» Task instructions: For every line in the material, output its text exactly and exclude any image it holds.

» Given information:
◆ ◆ ◆
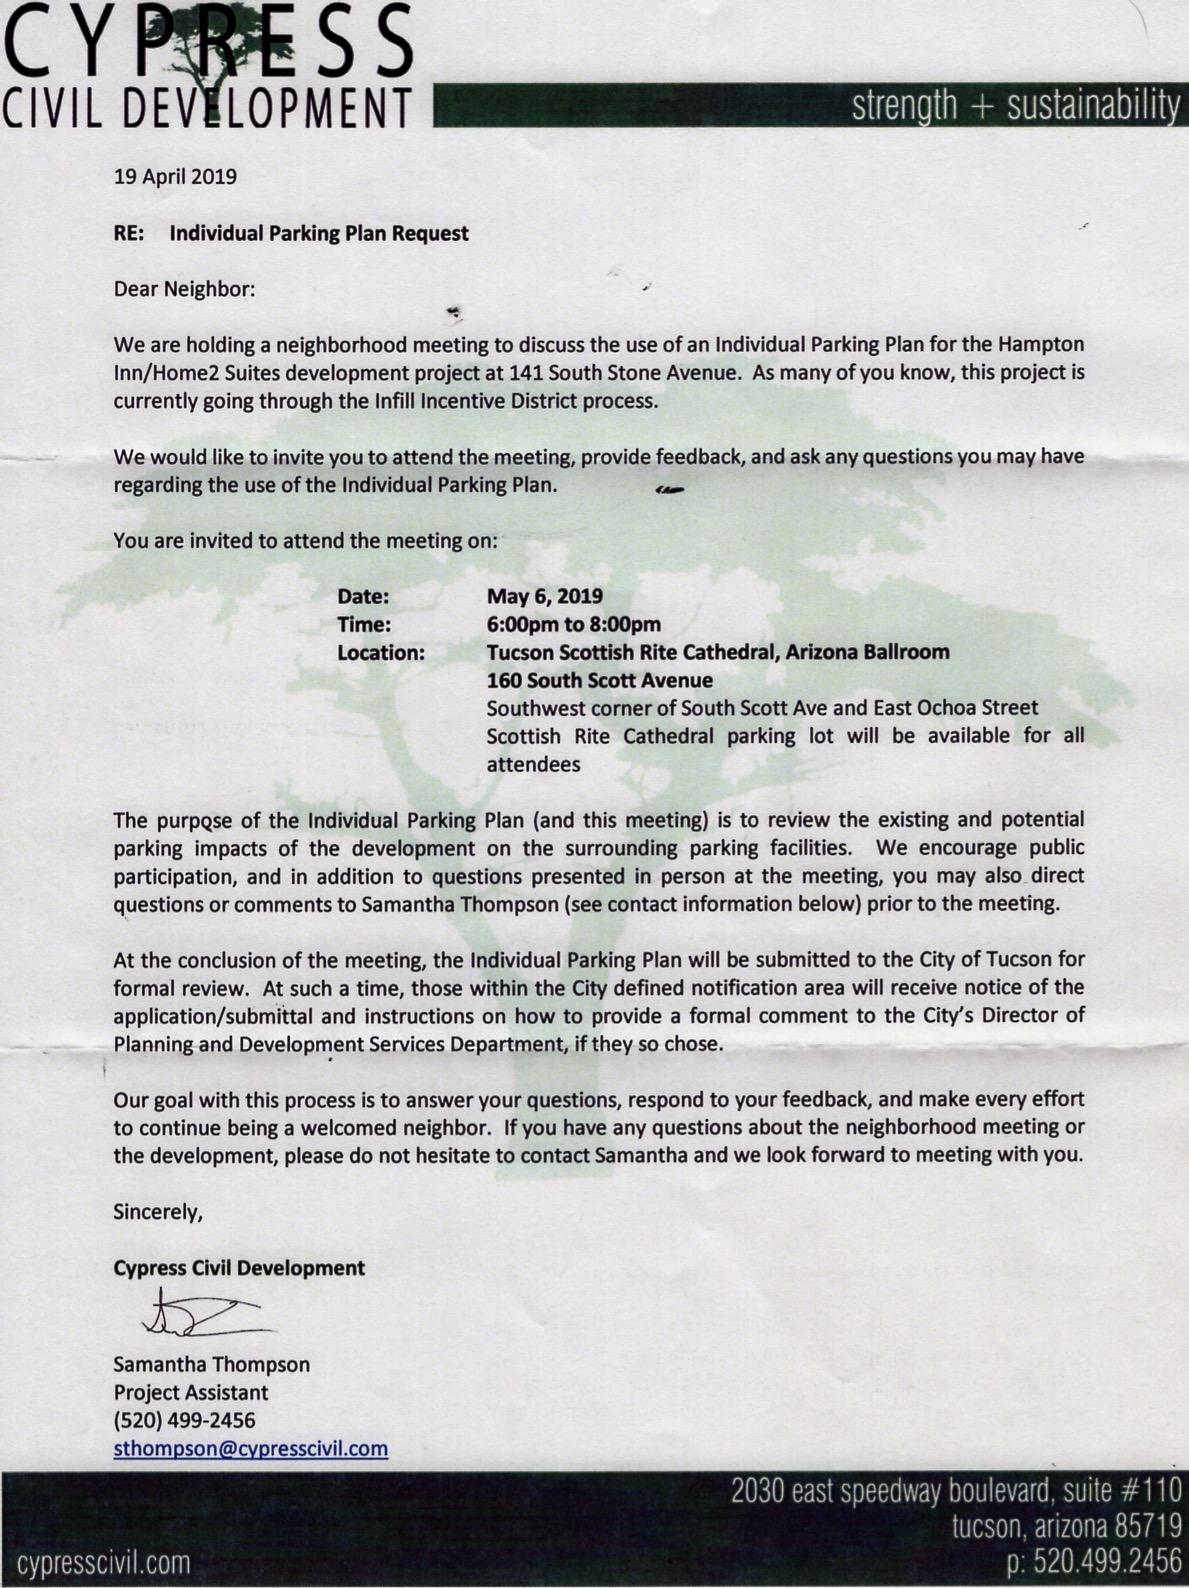 IPP for Hilton notice
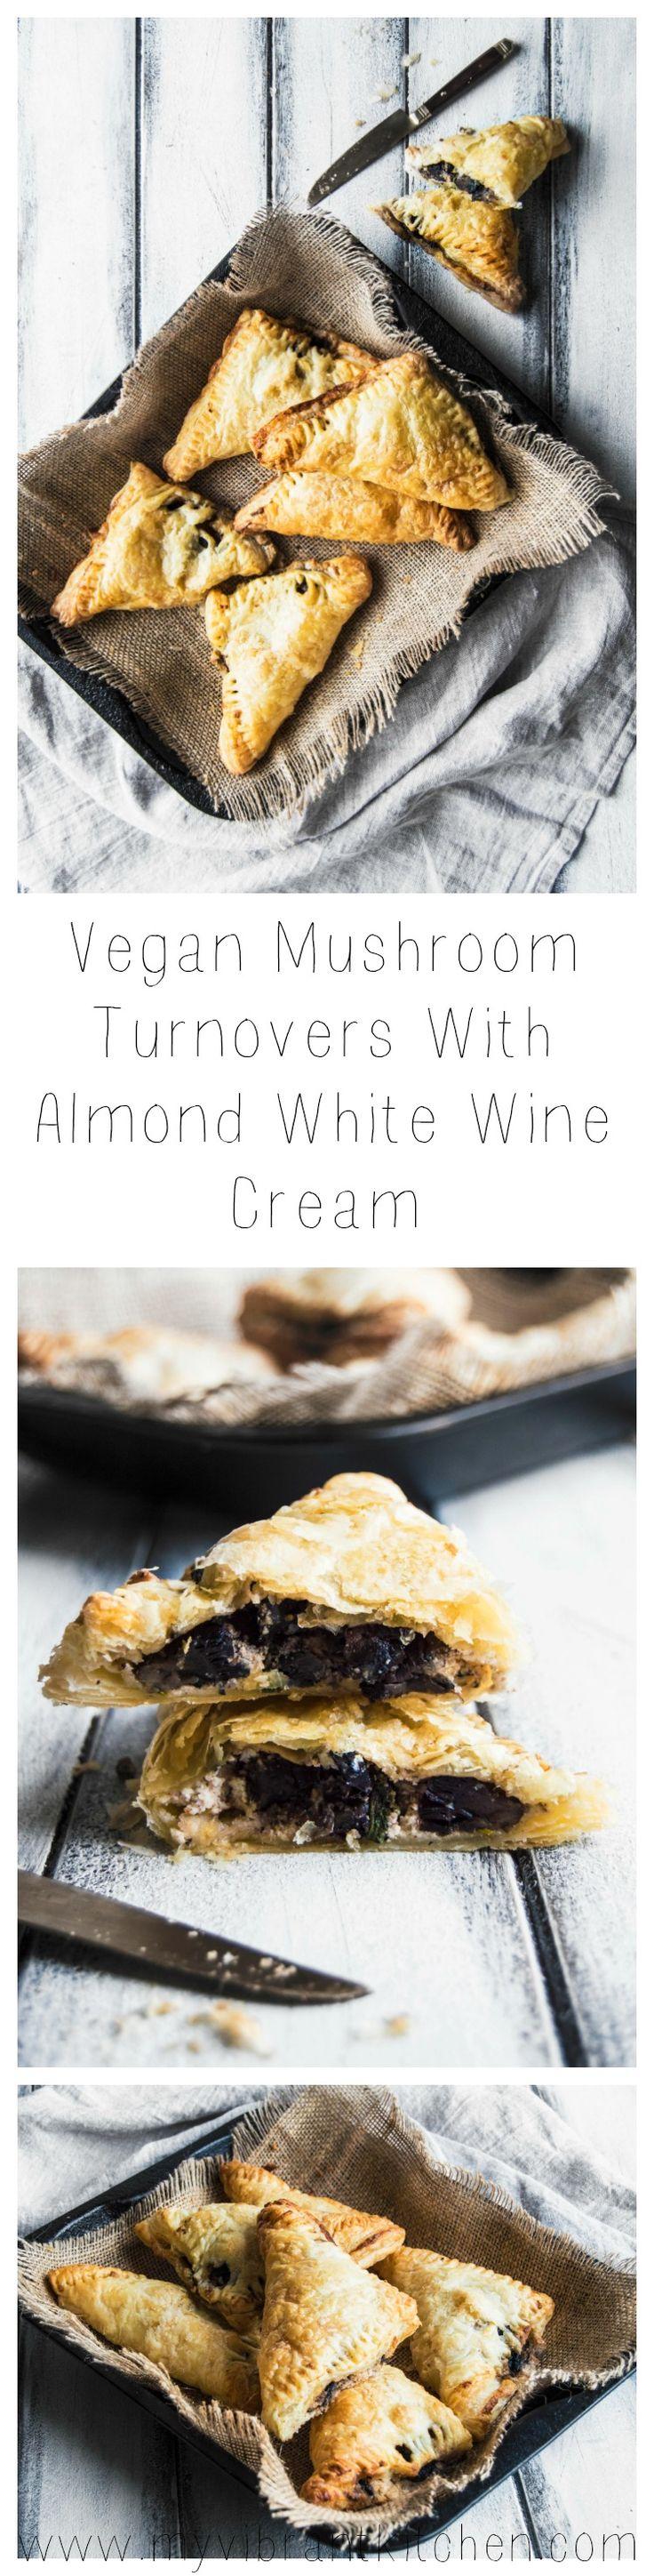 My Vibrant Kitchen | Vegan Sage Mushroom Turnovers With Almond White Wine Cream | myvibrantkitchen.com
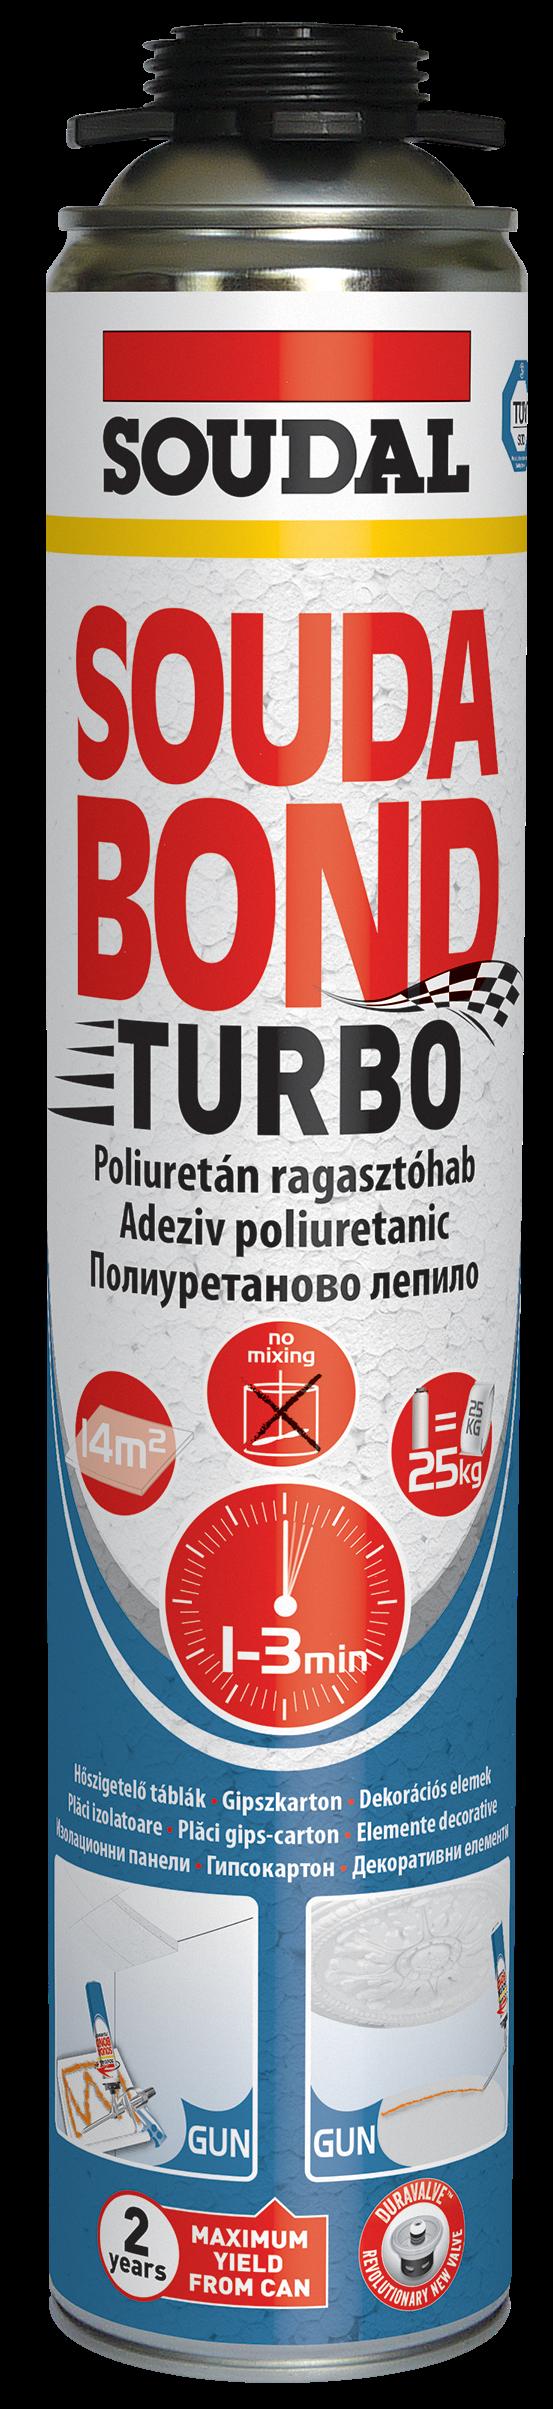 SoudaBond Turbo
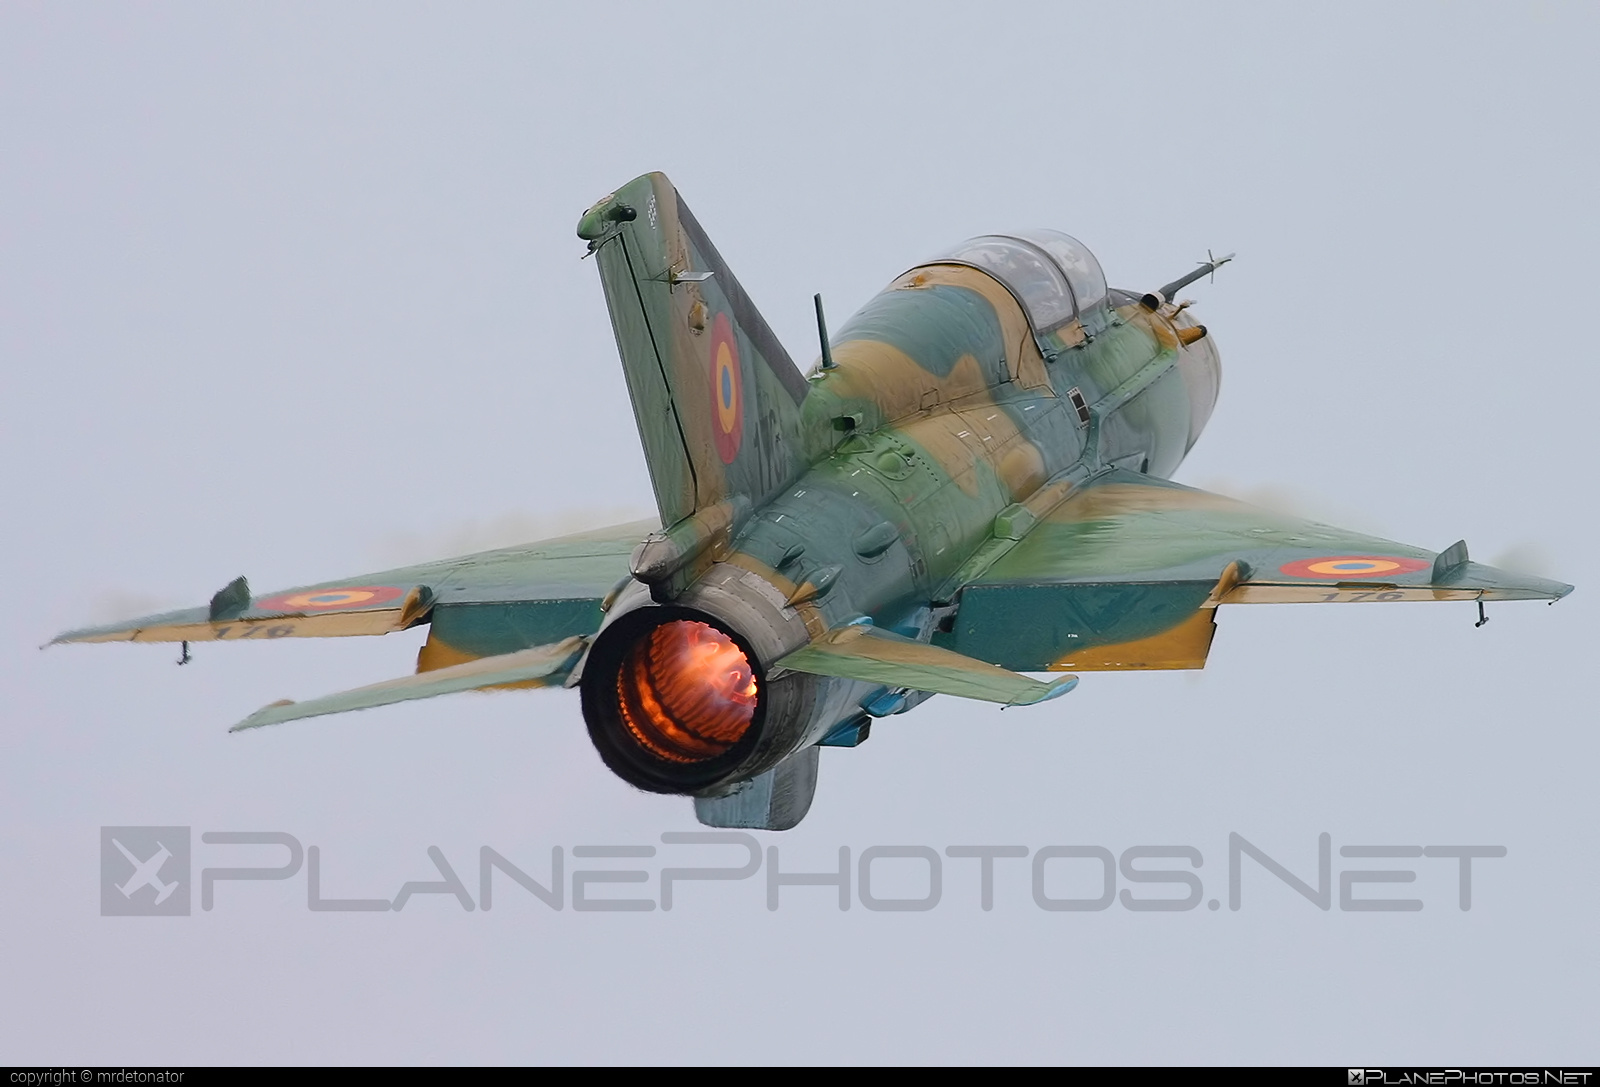 Mikoyan-Gurevich MiG-21UM - 176 operated by Forţele Aeriene Române (Romanian Air Force) #forteleaerieneromane #mig #mig21 #mig21um #mikoyangurevich #romanianairforce
◆ ◆ ◆
» Solution for this exercise:
 IPP for Hilton notice
 My Vibrant Kitchen | Vegan Sage Mushroom Turnovers With Almond White Wine Cream | myvibrantkitchen.com
 SoudaBond Turbo
 Mikoyan-Gurevich MiG-21UM - 176 operated by Forţele Aeriene Române (Romanian Air Force) #forteleaerieneromane #mig #mig21 #mig21um #mikoyangurevich #romanianairforce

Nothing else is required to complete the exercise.